In Our Blood (2025): Found Footage Finally Finds Its Soul

Found footage horror has a bad reputation, and honestly? It earned it. After decades of shaky-cam knockoffs stumbling through the woods in Blair Witch’s shadow, the subgenre had started to feel like a graveyard of cheap tricks and cheaper budgets. So when a film comes along that actually uses the format as something more than a gimmick, it’s worth sitting up and paying attention.

In Our Blood is that film.

Directed by Pedro Kos — a first-time narrative feature filmmaker who happens to be Oscar-nominated in documentary filmmaking — the film brings genuine documentary sensibilities to the found footage genre, and the result feels lived-in and disturbingly real. The premise sounds deceptively simple: filmmaker Emily Wyland (Brittany O’Grady) teams up with cinematographer Danny (E.J. Bonilla) to shoot an intimate documentary about reuniting with Emily’s estranged mother after a decade apart. When her mother suddenly goes missing, possibly succumbing to the addictions that tore her family apart, Emily and Danny must piece together increasingly sinister clues to find her before it’s too late.

What begins as a quiet, emotionally raw family drama quickly metastasizes into something far darker.

A Slow Burn That Actually Earns Its Payoff

The film’s biggest strength — and the thing that separates it from the found footage pack — is patience. Nothing is too rushed, and all the tension grows in small steps, which helps build an unsettling feeling of dread. The film gives you clues and enough information to make you think, but not so much that the story becomes easily predictable.

As Emily delves deeper into her mother’s community, she and Danny begin to uncover bizarre notions ranging from decapitated pig heads left in bathrooms, local gangs, and the underground distribution of blood bags. Yes — In Our Blood gets wild. But it earns every escalation.

Kos has crafted a narrative that does not rely heavily on overt gore or jump scares to establish a genuinely unsettling atmosphere. It is often more alarming to examine the transformations individuals undergo due to profoundly human experiences, particularly when the boundaries of morality and ethics become obscured.

Brittany O’Grady Is a Star

Brittany O’Grady, as Emily, delivers a deeply grounded portrayal of fear and resilience.

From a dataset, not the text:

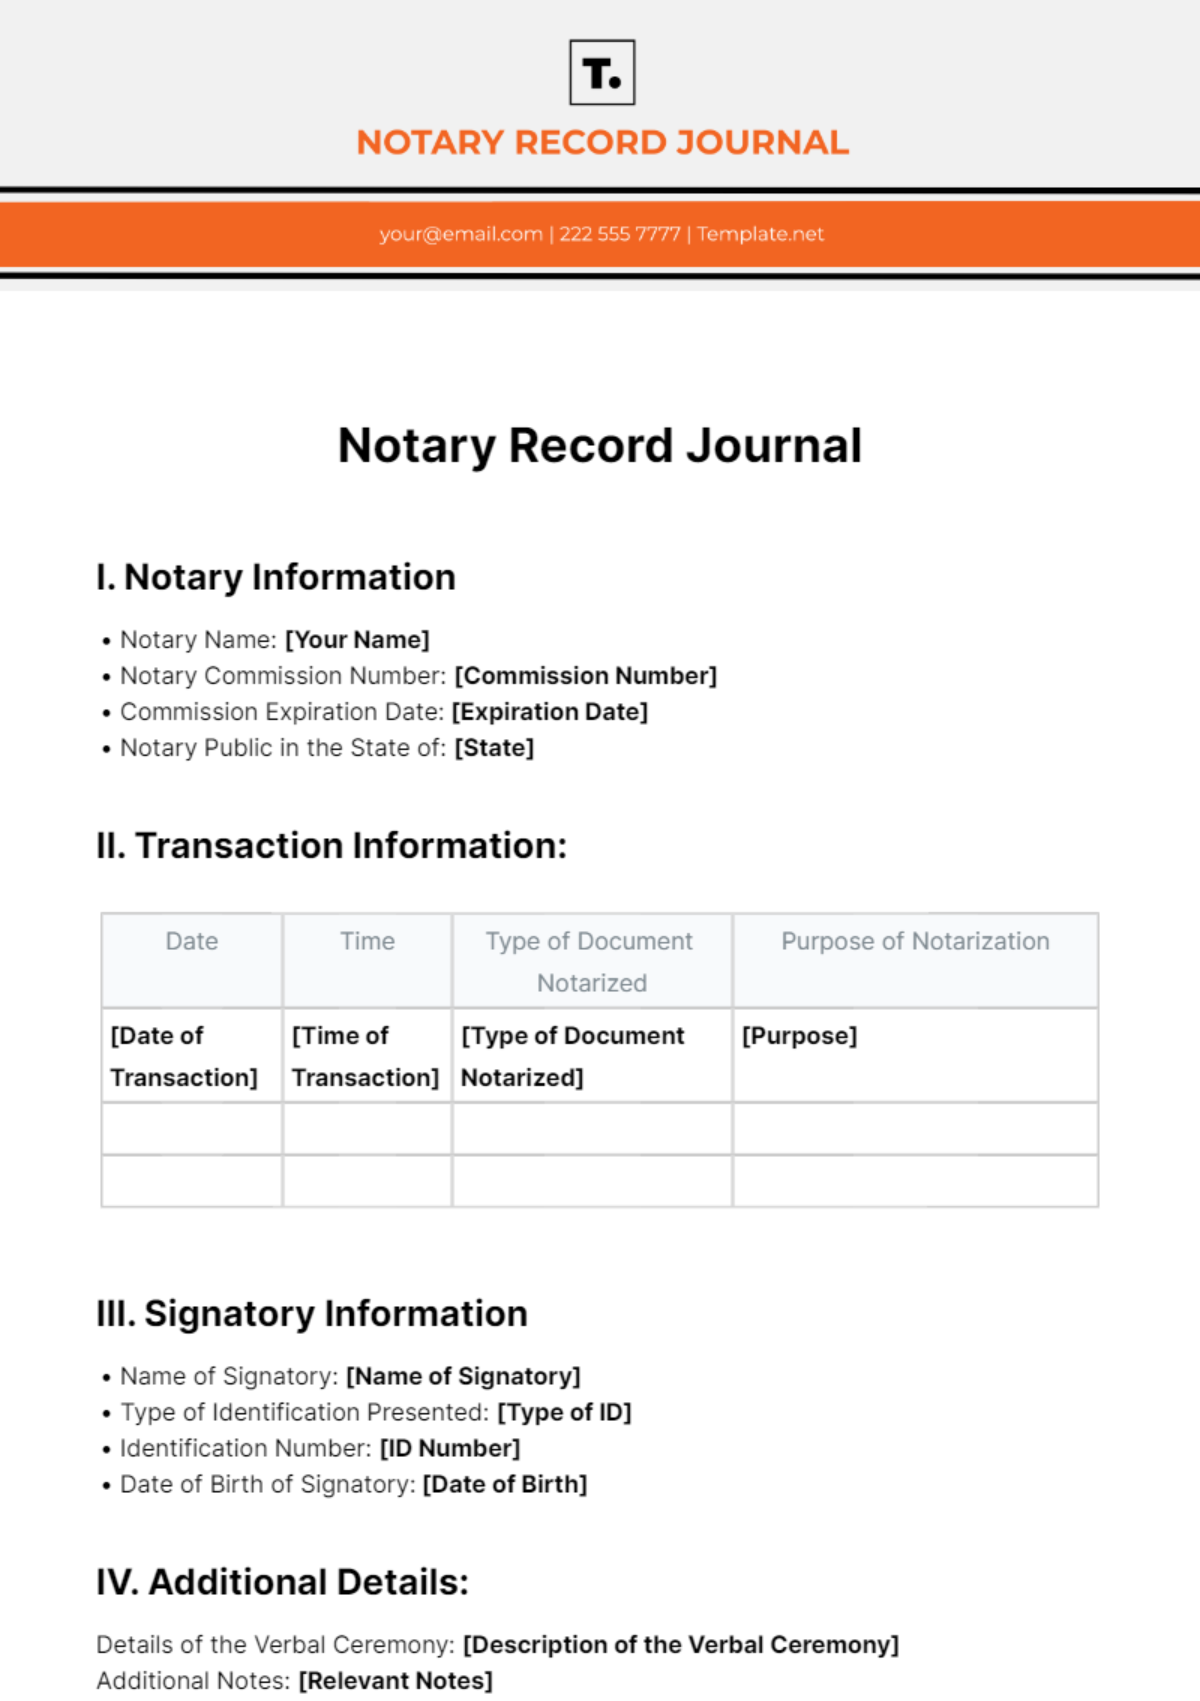 Notary Record Journal Template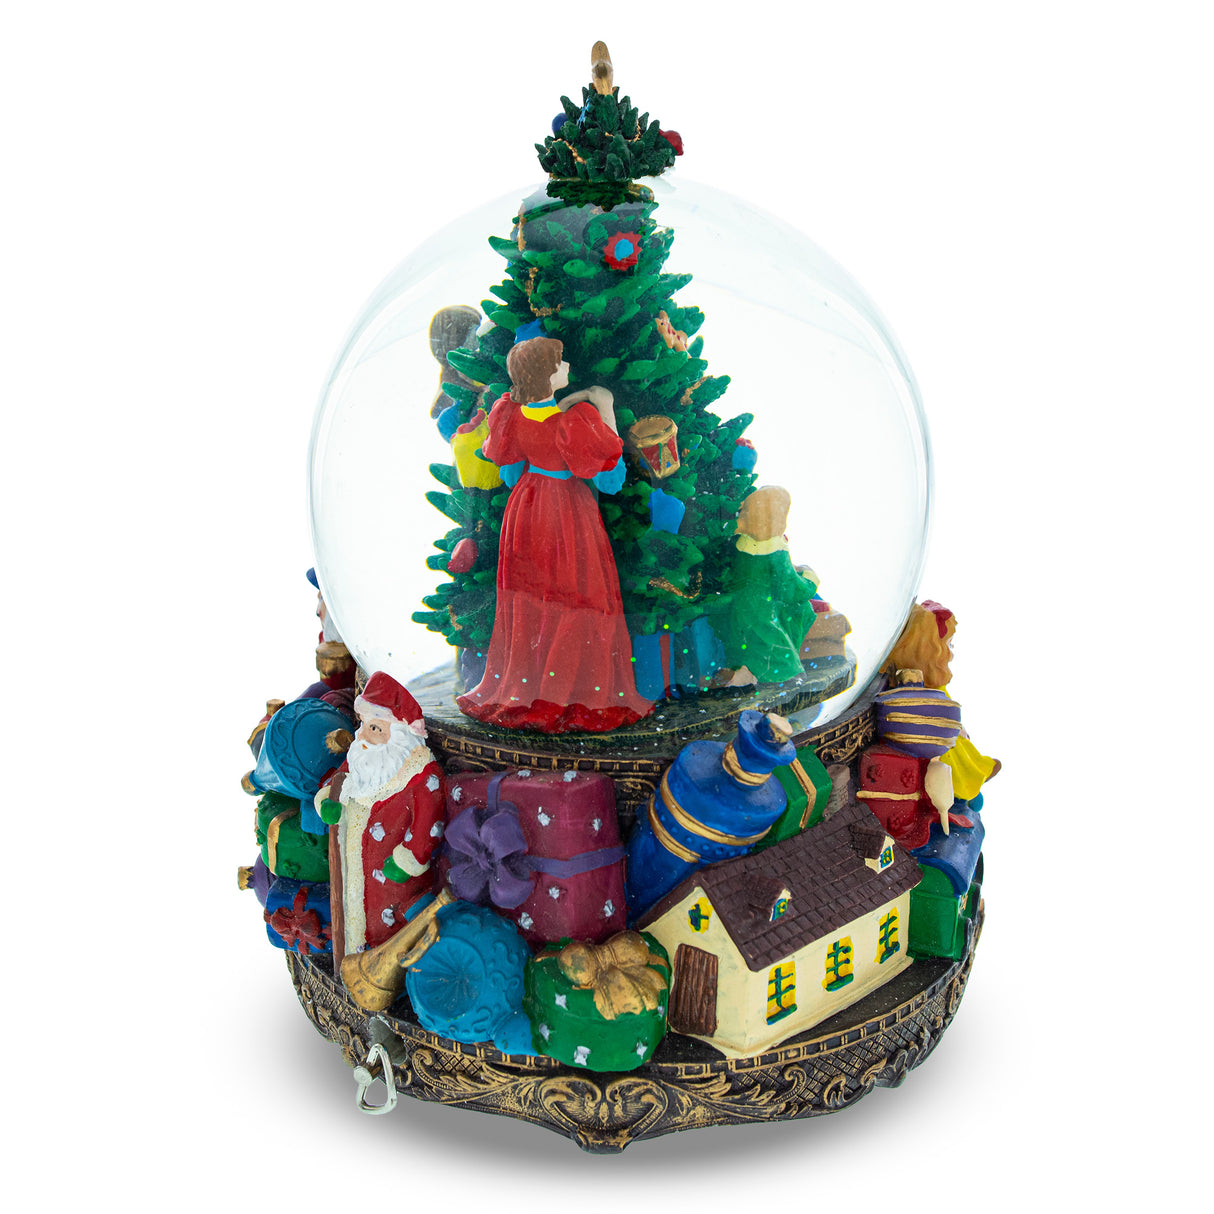 Illuminated Tree Magic: LED Lights Musical Water Snow Globe, 9.6 Inches, with Children Decorating Christmas Tree ,dimensions in inches: 9.6 x 7.2 x 7.2

She captures the emotional unraveling of her character with precision, making every moment of terror feel authentic rather than performative. There are so many unspoken moments from her throughout In Our Blood. Her performance commands your attention.

E.J. Bonilla brings a lot of heart to Danny, and some comic relief — making him a lovable friend who provides the support Emily needs. Because of this, there’s an added sadness to the twist when it comes.

More Than Just Scares

What really sets In Our Blood apart is what it’s actually about. It’s a horror movie, yes, but also a story about addiction, generational wounds, and the kind of ghosts we inherit. In a genre crowded with hollow imitations, In Our Blood feels startlingly alive.

The film is a tragic look at the depths of addiction and vulnerable people who slip through the cracks when they need society’s help the most, culminating in a shocking end that elevates the eerie mockumentary to terrifying heights.

A Few Rough Edges

It’s not flawless. The film’s final act tonal shift feels a bit jarring at times, and there are a few scenes where the investigation circles the same points without adding much. There are also moments when you question why the camera is still recording — a familiar found footage problem.

But these are minor grievances against an otherwise confident debut.

The Verdict

In Our Blood wraps itself in the visual language of documentary filmmaking that it then proceeds to cannibalize in intriguing and incisive ways — a story with a mystery at its center that, by the time it reveals itself, will have you levitating out of your chair.

Currently boasting a rare 100% on Rotten Tomatoes, In Our Blood is a gripping mix of horror and thriller. True crime fans will eat this up for dinner.

Pedro Kos arrived in narrative horror with something to say — and the craft to say it. See it before someone spoils the ending.